Mexican Gothic: Book Review

I had already rejoined Book Of The Month Club when my Facebook newsfeed was overwhelmed with ads for this book. The ads didn’t tell me much and the comments just said that it looked like an interesting read that was getting ready to debut. Then closer to July, Book Of The Month started putting up ads that said something like “If you liked Get Out, you’ll want to read this book. When I was able to select my July books, I quickly added this book to my cart.

After receiving a frantic letter from her newlywed cousin, Noemí Taboada heads to High Place, a distant house in the Mexican countryside, unsure what she will find.

Noemí is an unlikely rescuer: She’s a glamorous debutante, more suited to cocktail parties than amateur sleuthing. But she’s also tough, smart, and not afraid; not of her cousin’s new English husband, a stranger who is both menacing and alluring; not of his father, the ancient patriarch who seems fascinated by Noemí; and not even of the house itself, which begins to invade Noemí’s dreams with visions of blood and doom.

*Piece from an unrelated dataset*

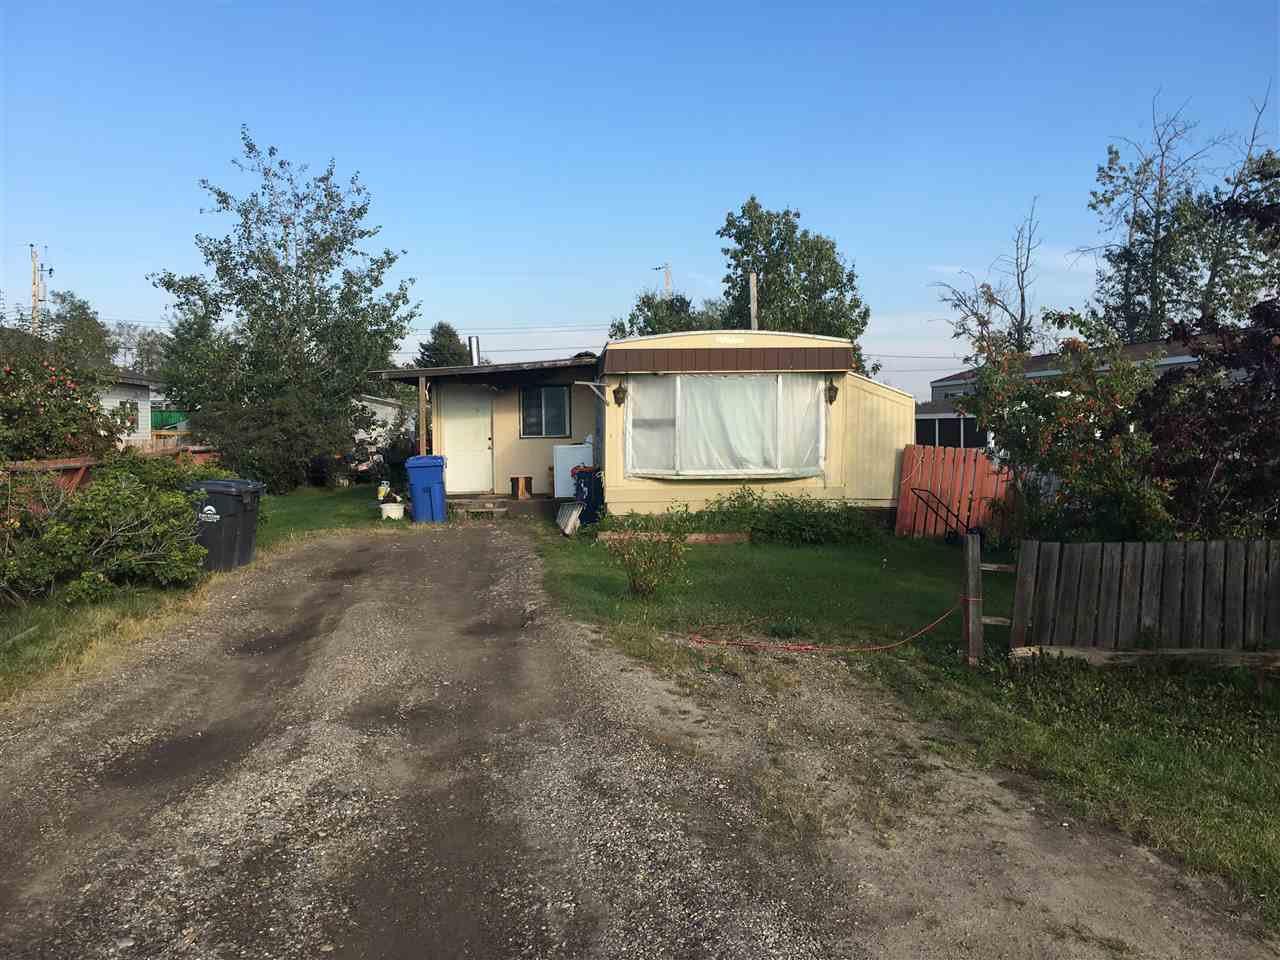 Main Photo: 8507 77 Street in Fort St. John: Fort St. John - City SE Manufactured Home for sale (Fort St. John (Zone 60))  : MLS®# R2489569

Noemí’s only ally in this inhospitable place is the family’s youngest son. But he too may be hiding something dark. For there are many secrets behind the walls of High Place, as Noemí discovers when she begins to unearth stories of violence and madness.

Mesmerized by this terrifying yet seductive world, Noemí may soon find it impossible to save her cousin- or even escape this enigmatic house.

I can’t tell you how much I enjoyed this book. The characters were so well developed that seemed like they were based on real people. I loved how Silvia Moreno-Garcia created Noemí’s character. At first she comes off as a bored, spoiled socialite that flirts from boy to boy and from project to project but as we get to know her, we get to see that she is a lot smarter and deeper than everyone (including Noemí) thinks. The way she explores the house, the people around her and the small village is more like Belle from Beauty In The Beast than Elle Woods from Legally Blonde. Unlike some air head like characters I have come across reading, Noemí admits that she just plays the part of a frivolous socialite because that’s what’s expected of her.

One of the things that I loved about this book is that while it is a paranormal book it isn’t the traditional type of ghost story. The way the story portrays the spirits it does it in a way that you can’t tell if it is a dream, a hallucination, a mental issue or the real thing. After you read this book, you’ll want to reread it to pick up the clues that you missed the first time you read it. I also loved the sort of slow build there is to the main story. It let the reader feel like they were on the journey with Noemí while she tries to figure out High Place and the family that lives there.

Before I get into any spoilers, if you would like to join Book Of The Month Club please click here to sign up. This is not a sponsored post. I just love this company and I think you will too.



One issue I did have with the book was the ending. Not so much in the writing but in how Book Of The Month portrayed the heroine. While Book Of The Month claims this is a feminist book, I didn’t find it to be really feminist. Most feminist don’t play into the pretty, air head, party girl that Noemí portrays at the beginning of the book. Just because she wants to go to get a master’s degree or pick a husband based on how he treats instead of how much money he has, doesn’t really make her a feminist in my eyes. Maybe I have a screwed idea of what a feminist is (I don’t consider myself a feminist) but I feel like for a book to be marked as a feminist book, the character that is supposed to be the feminist actually do something for woman kind. Noemí finds out that the family has been turning the workers into mindless slaves and sacrificing babies for eternal life but all she cares about is getting her crush and her cousin out of the house. She doesn’t do anything to make sure that the mushroom is eradicated. She doesn’t do anything to make sure the villagers are safe from being turned into slaves again by someone else. She is just worried about Catalina and Francis getting back to her home. When I hear a book is a feminist book, I think “Handmaid’s Tale” or something like that. Not a poor little rich girl visiting a rundown house dealing with ghosts.

The mushroom thing brings up another issue I had with the book. If it controlled everyone in the mines but didn’t have an effect on the villagers, why didn’t the villagers do something? Why did they continue to send men and women to work in the mines despite seeing they were being possessed in a way? Marta, the town healer, knew what was going on enough to give Catalina and Noemí a tonic that would help the get out of the control of the mushroom. Why didn’t she just tell her what was going on? Why didn’t Marta tell the town’s doctor? Marta was clearly not under the control of the mushroom because she gave the girls the medicine. The very first day that Noemí met Marta, Marta could have been like “Your cousin is being poisoned. Go to the next town and bring authorities.” or “You need to write your family what’s going on so they can come get you.”

Despite these issues, I really did enjoy the book. It was just when I sat back and analyzed it that I had problems with it. Read it. Enjoy the journey. Hold all questions until the end.